Here’s a piece of political insight that a child could give you: National will win the upcoming Tauranga by-election.
It’s probably not even going to be close, so you’d be out of luck if you were expecting a nail-biter.
But the recent departure of former Minister and National leader Simon Bridges – freeing up the seat – serves another, important purpose: Setting the scene for the 2023 election.
It will be the first time New Zealand gets to see Chris Luxon properly out on the hustings as National’s leader.
And on the hustings he will no doubt be.
Voters tend to use by-elections as a way of punishing incumbent Governments and – couple that with the fact Tauranga’s traditionally been a strong National seat – National could win the seat without Luxon even setting foot in the electorate.
But with a by-election comes the one thing Opposition leaders cannot ignore – the limelight.
Political reporters will be parachuted in to watch Luxon and National’s (not yet named) candidate embark on a choreographed ‘walkabout’ on Tauranga’s main strip.
There will be public meetings.
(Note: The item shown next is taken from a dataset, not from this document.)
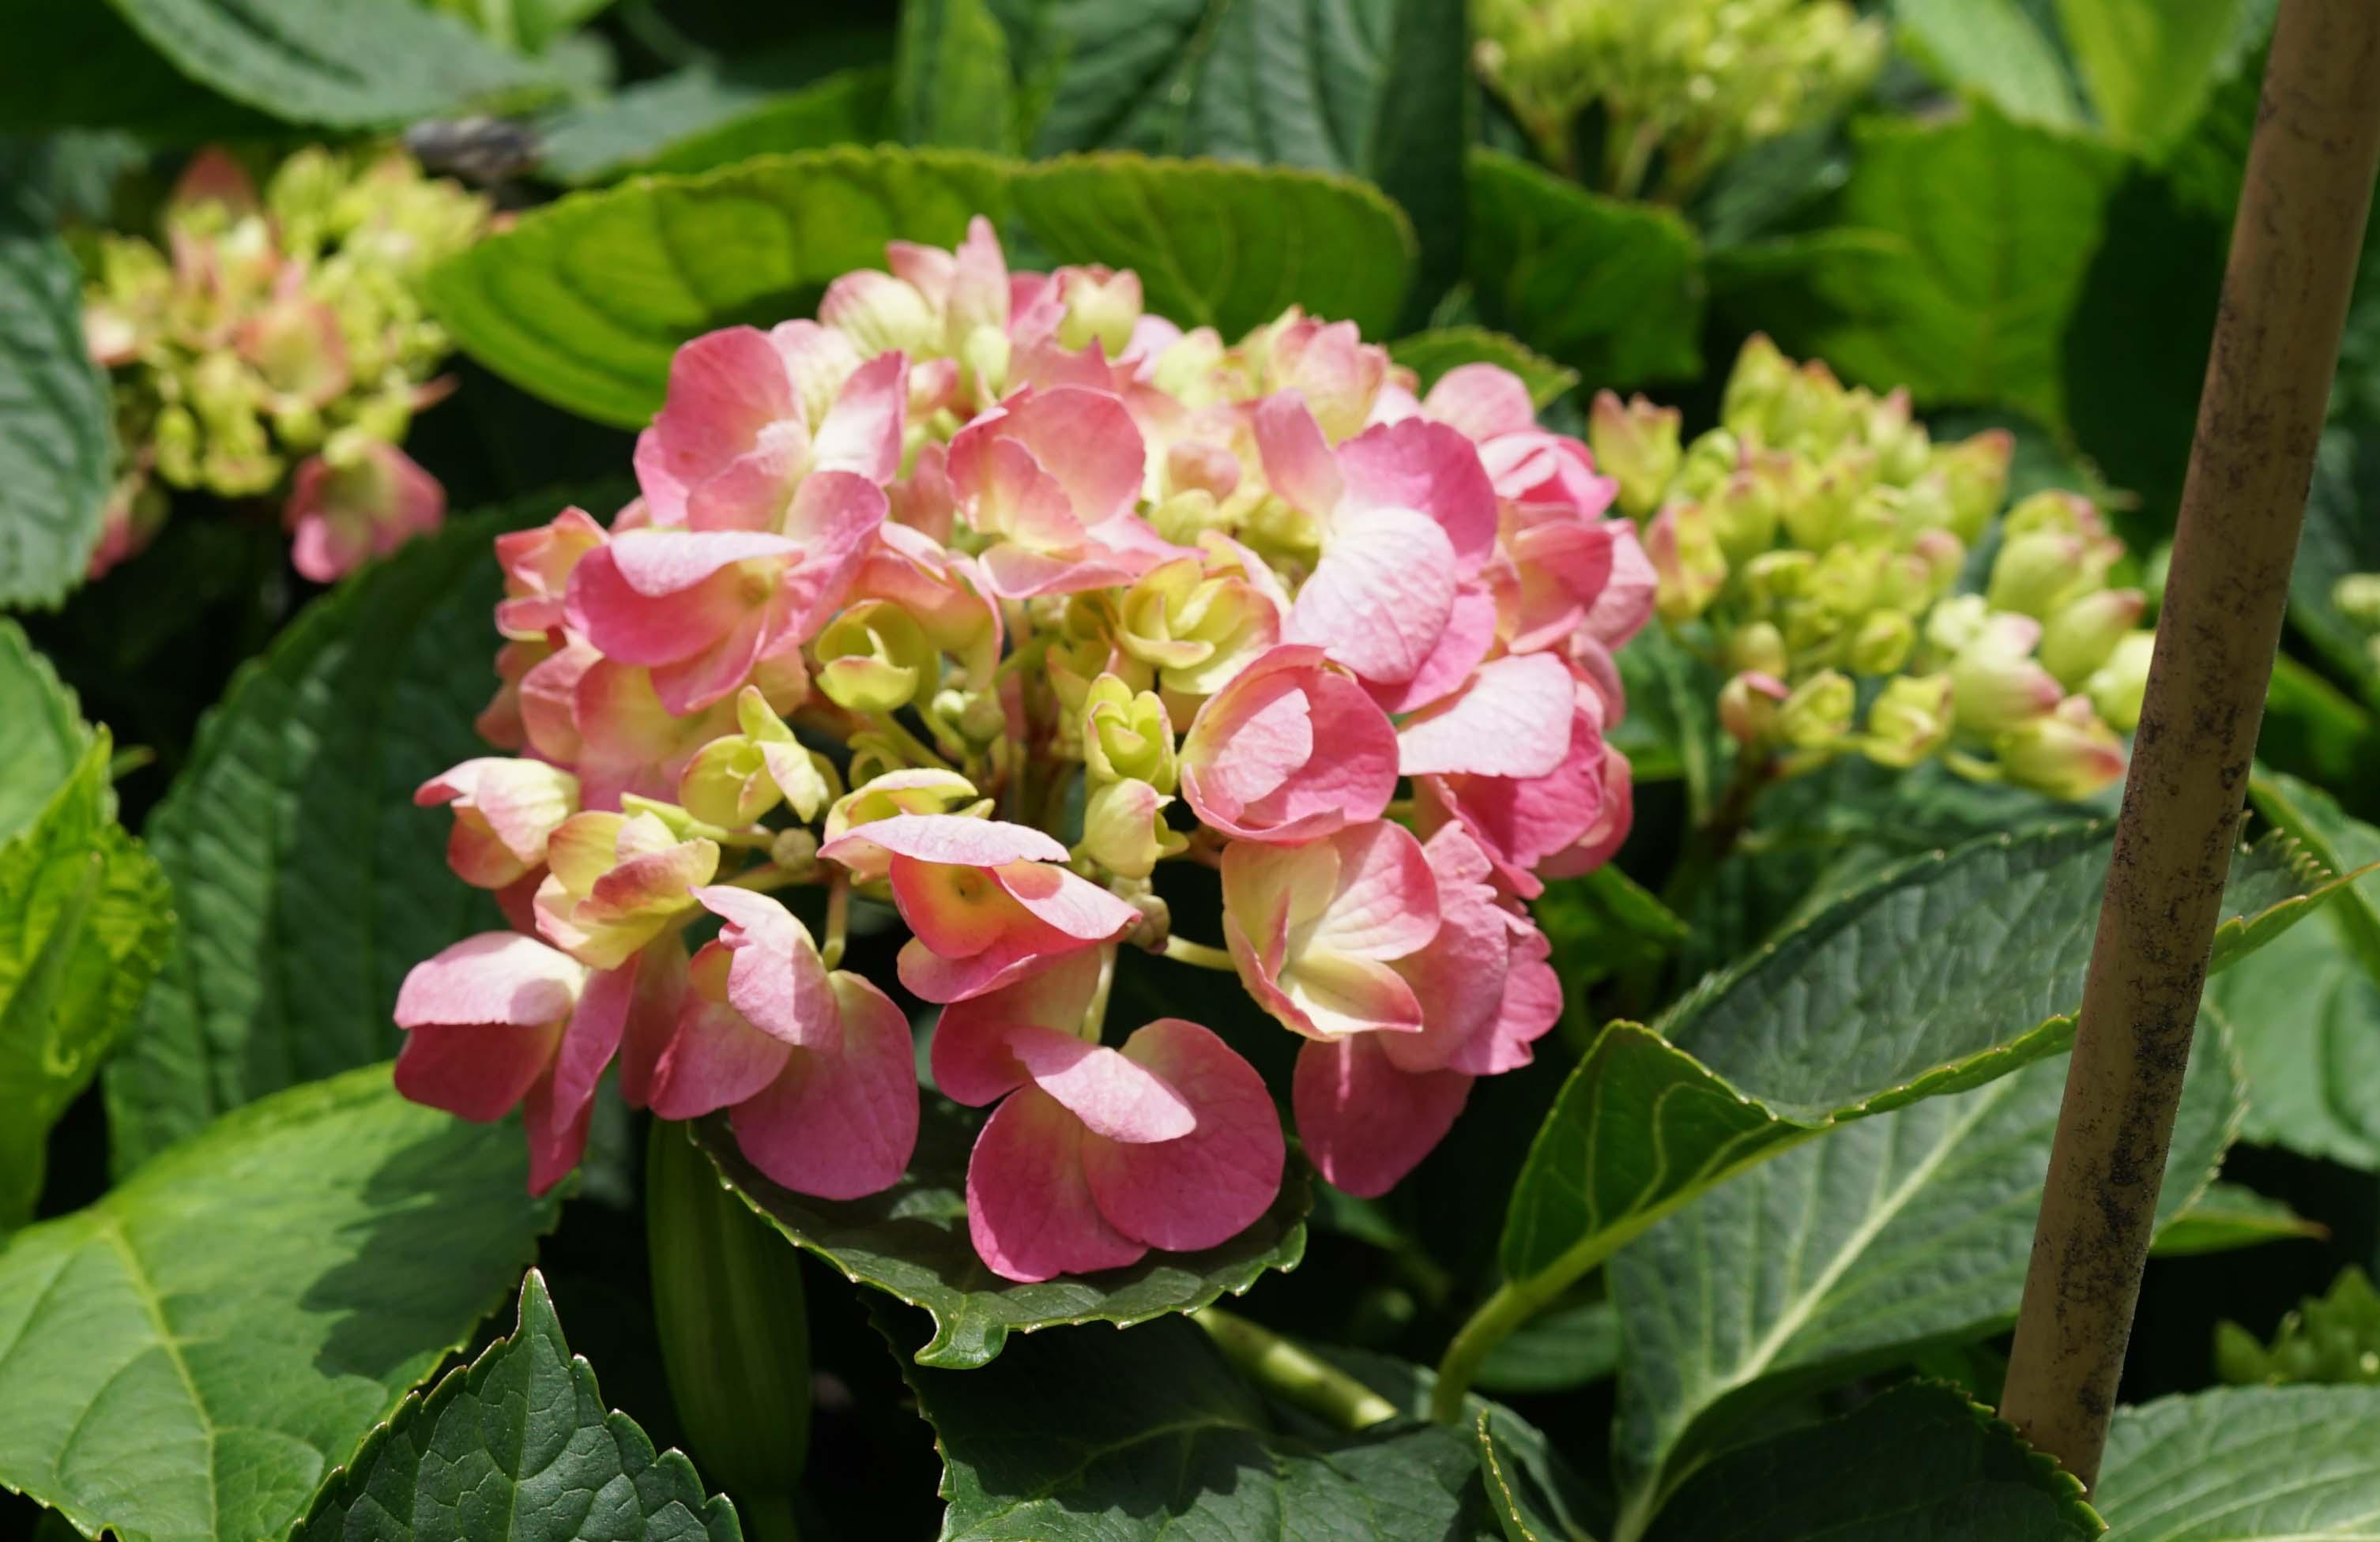 Garden small pink flowers

There will be debates. Covid has done away with the baby-kissing but there will be lots and lots of news cameras in the city nonetheless.
Although National winning the seat will change exactly nothing, except about $1 million less in Treasury’s coffers, Luxon will be giving it his all.
After a string of good poll results for National, Luxon will want to be capitalising as much as possible and keeping an anti-Government sentiment in people’s minds.
Expect to hear the phrase: “This by-election is a referendum on this Government” a lot.
And you might not just be hearing it from team National.
Outside the date of the by-election – which the Prime Minister’s yet to reveal – the biggest question mark is over Winston Peters.
The New Zealand First leader’s no stranger to Tauranga.
He won the seat three times in a row between 1984 and 1990 as a National MP.
Then, in the 1993 by-election, he won it as an independent candidate before winning it back again later that year in the general election after he formed New Zealand First.
He went on to hold the seat until 2005, when he was defeated by National’s Bob Clarkson.
And National’s held it ever since.
Speculation is rife Peters will stand in Tauranga again.
Asked about the prospect on morning radio last week, Peters hung up mid-interview only fueling speculation about an announcement.
This isn’t his first rodeo – if he’s standing, he will announce it his way with incredible fanfare and maximum media coverage.
It’s unlikely he will win the seat – but not out of the question.
But his level of support will help lay the foundation for the general election next year.
If he fails to make much of an impact in the electorate he held for 21years, it’s not a good sign for New Zealand First’s wider prospects in 2023.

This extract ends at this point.